Жена штурмовика - Даниил Юрьевич Туленков
Их диалог с русским тюремным миром в принципе укладывался в речь Абдуллы из «Белого солнца пустыни», обращенную к Верещагину.
Абдулла, как мы помним, не был враждебно настроен к Верещагину. Все, чего он хотел, чтобы осколок отживающего свое мира не мешал ему, Абдулле, строить свой.
У Абдуллы не было желания убить Верещагина, сжечь его дом, изнасиловать его жену. Он готов был мириться с ним на задворках своего мира и дать ему спокойно дожить свои дни. Ведь Абдулла понимал, что эпоха Верещагина кончилась и стратегически он для него безопасен. Он был даже готов заплатить золотом за то, что, в принципе, мог взять силой.
Поэтому и «пиковые», успешно решая в свою пользу любые конфликты, сами их не искали и, в принципе, не стремились к ним как таковым.
«Пусть русские стоят в своей очереди и не вякают, когда наши люди подходят на раздачу вне ее, и мы не причиним им никакого вреда», — они искренне полагали, что это хорошая и честная формула мирного сосуществования.
Ну что стоит русскому Ване пропустить без очереди точика Насрулло на раздачу? Что от него, кусок, что ли, отвалится?
Что ему стоит подождать в бане места в помывочной, пока точик Насрулло нежится в холодной воде? Точик Насрулло не работает, ему некуда спешить, он может нежиться и час, и два, и три… Ваня ограничен часовым перерывом внутри рабочей смены в строго определенные дни, но такова уж его доля. Пусть приходит в другое время, в конце концов. Ну или крепанется без помывки, что ему…
Пусть русский везде подождет, пропустит, отодвинется, уступит. Зато ему не сломают нос, не пробьют голову, не выбьют зубы. Никто же не хочет так просто, с ровного места, ломать нос и выбивать зубы человеку только за то, что он русский, что вы тоже какими-то зверями нас выставляете, искренне рассуждали «пиковые», свято веря, что озвученная модель — это очень выгодное предложение и не соглашаться с ним — это, знаете ли, какое-то безосновательное хамство, даже, можно сказать, дерзость.
Венцом благорасположения «пиковых» к русской массе (к той массе, какой они хотели бы ее видеть) становились религиозные и национальные праздники, когда они проставлялись на весь лагерь пловом. Настоящим, сваренным в казане пловом с мясом — неслыханным гурманством на фоне повседневной баланды.
Плов смягчал самые злые и воинственные сердца. На какое-то время глухой, плохо сдерживаемый ропот умолкал в русской массе. Кто-то, явно не обладающий стратегическим видением, мог в эти часы обронить, что, в принципе, и так можно жить…

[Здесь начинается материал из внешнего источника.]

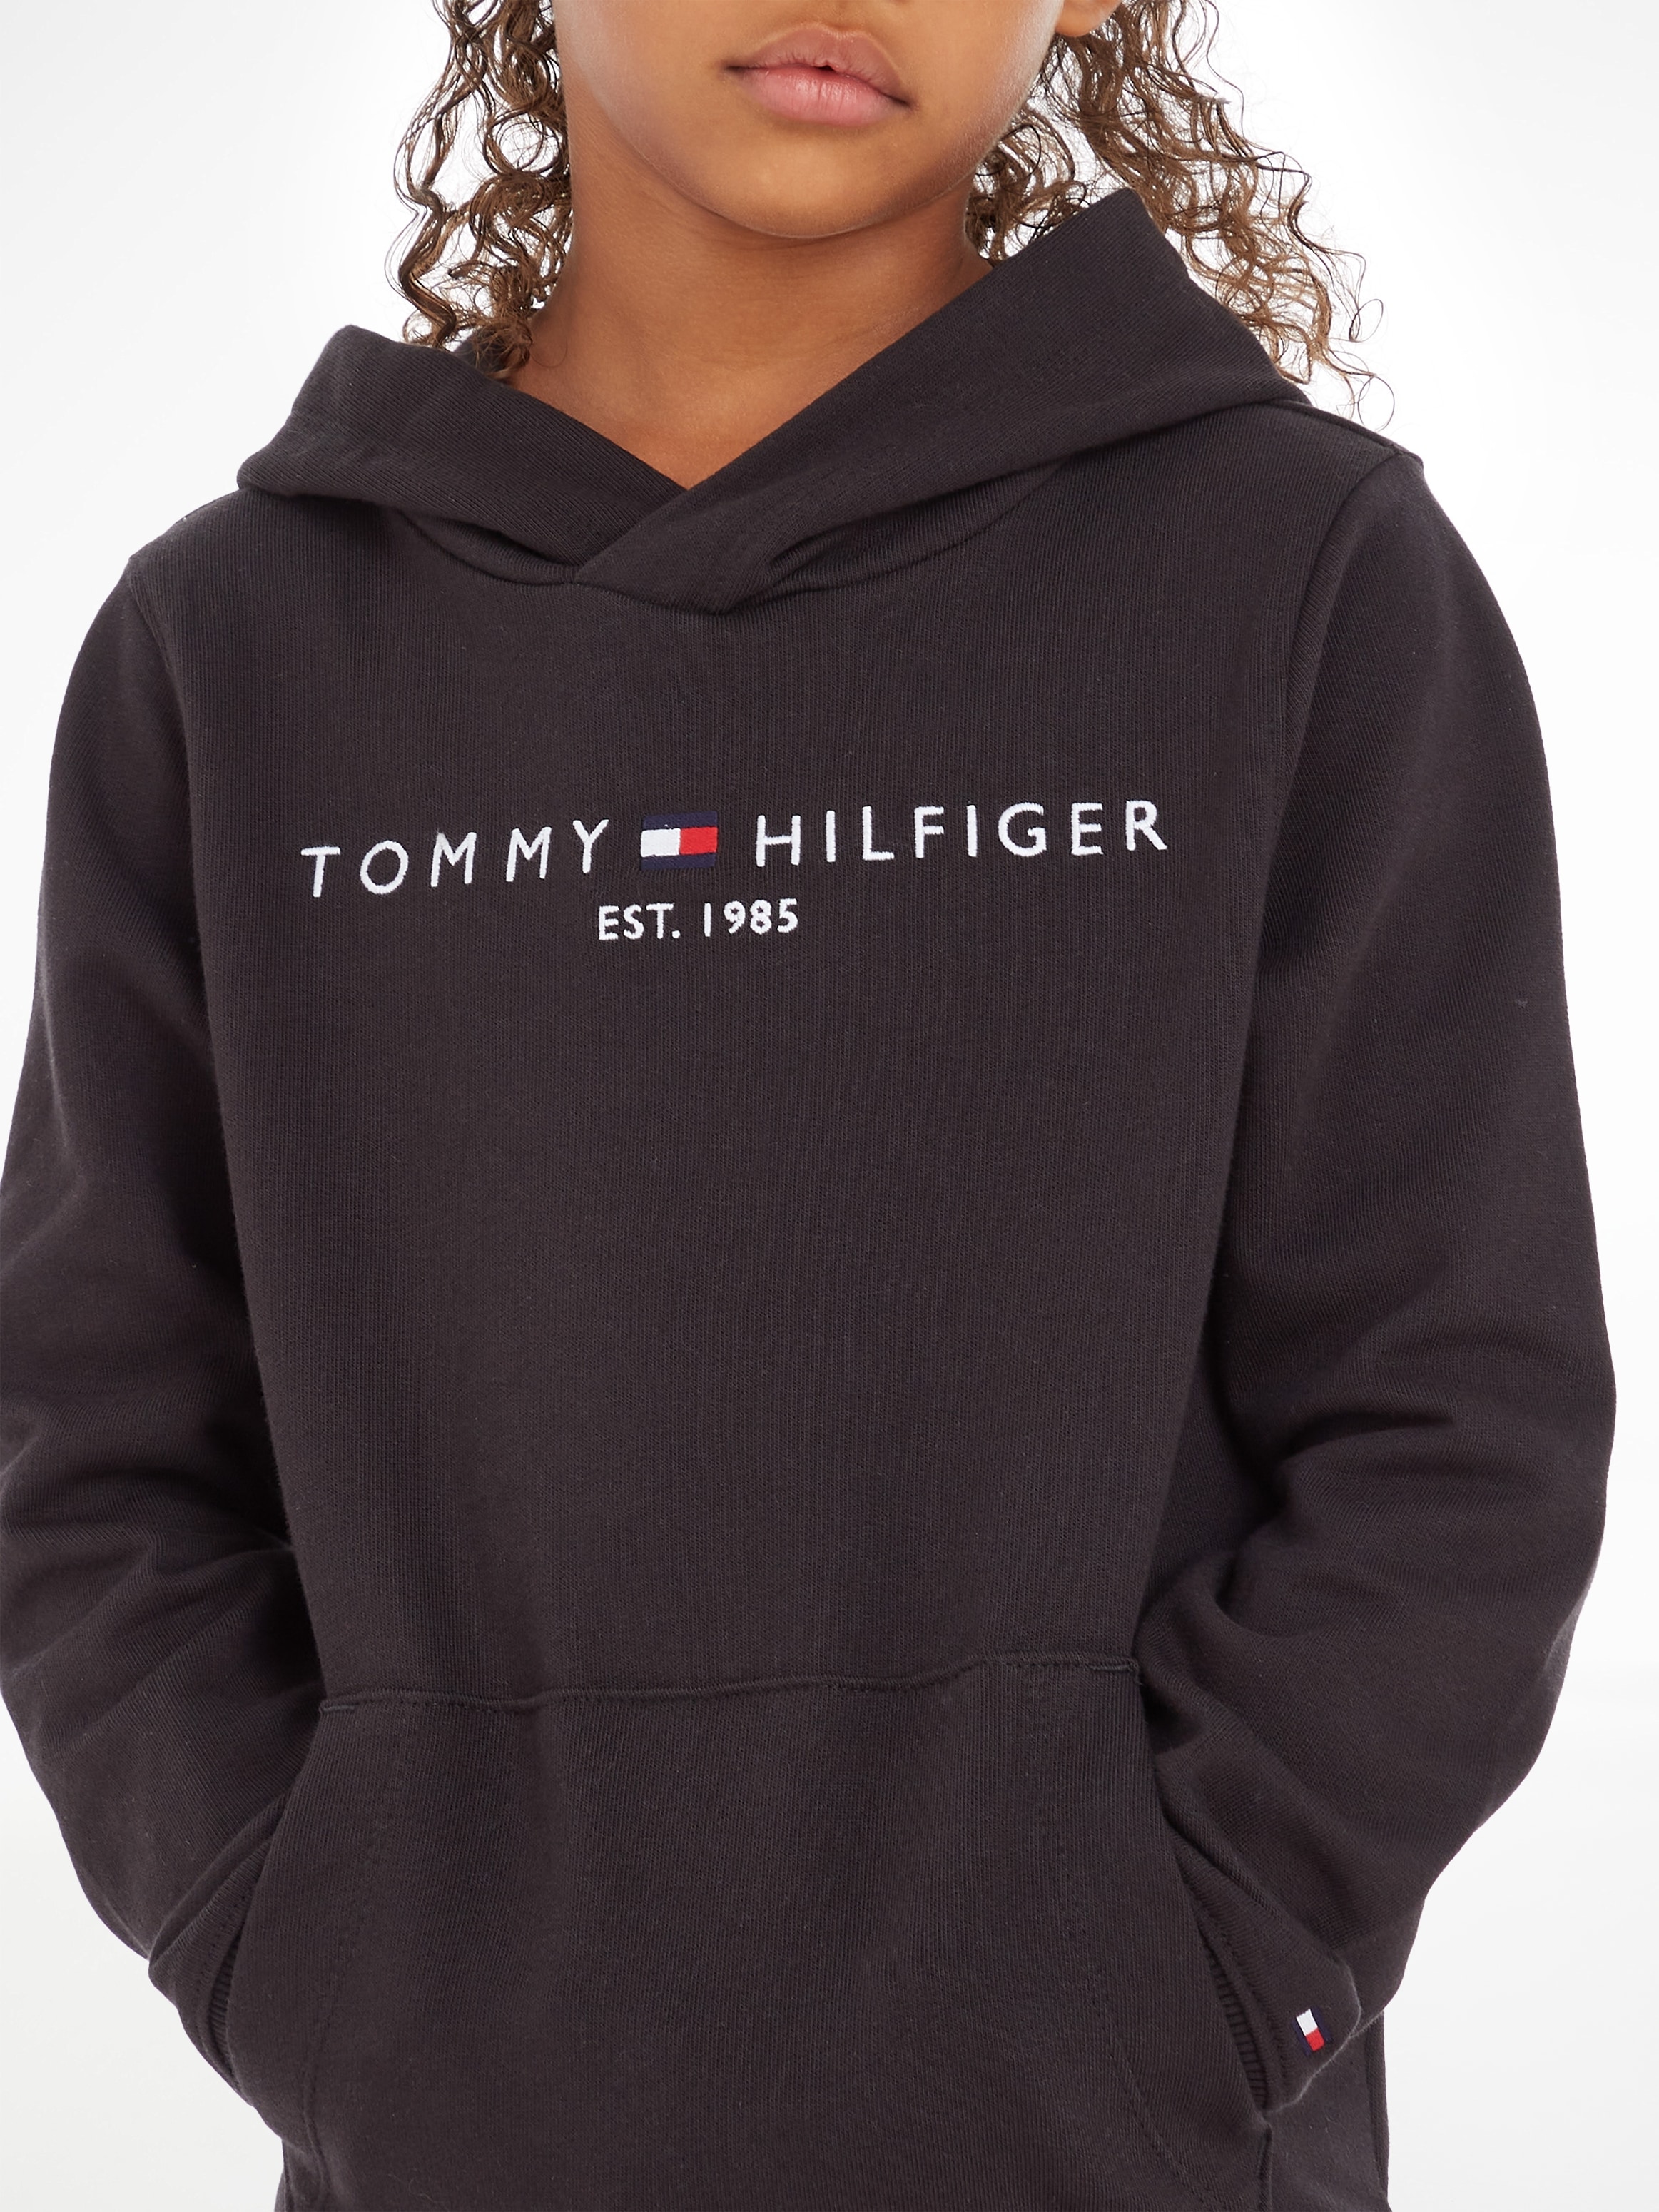 BAUR und »ESSENTIAL Jungen Kapuzensweatshirt für Tommy Mädchen online Hilfiger | kaufen HOODIE«,

И тихой сапой сверху, с Олимпа блаткомитета, не прямо, но иносказательно, с усмешкой, шуточками, спускались, впрыскивались нарративы: «Да дай ты ему пройти в этой столовой… Ну на хуй тебе эти конфликты? Ну конечно, мы его потом прессанем, эту чурку, лагерь наш… Но зачем эта возня?»
«Да приди ты в баню в другое время, когда там «пиковых» нет… Ну ты же знаешь, когда они там (они там всегда. — Прим. авт.)».
«Да забей ты на его слова… Это же обезьяны, ты что… Он сам не понимает, что он сказал».
«Крепанитесь, мужики…»
* * *
Уже вернувшись с СВО, я узнал, что «пиковое» сообщество на ИК-53 разгромлено.
Перед Новым годом тихо и без пыли лидеров «пикового джамаата» упаковали в воронки и развезли по разным учреждениям.
Указание на сей счет пришло с ГУ ФСИН по Свердловской области, прямо из областной управы, и не являлось инициативой местного начальства.
Оказавшись без сильных, харизматичных, обладающих несокрушимым авторитетом вождей, «пиковая» масса не смогла противостоять воле людей в синей пятнистой форме.
Без особых усилий, а вернее сказать, по щелчку пальцев они были разогнаны по производственным участкам колонии и покорно сели за швейные машинки, принялись колотить поддоны, таскать доски.
Тот, кто еще год назад на вопрос об отношении к работе пафосно говорил, что «я того рот ебал», теперь обычный смирный трудяга…
Но никуда не делись их базовые настройки. Их ультразвук или инфразвук, образующий недоступную посторонним коммуникацию их термитника.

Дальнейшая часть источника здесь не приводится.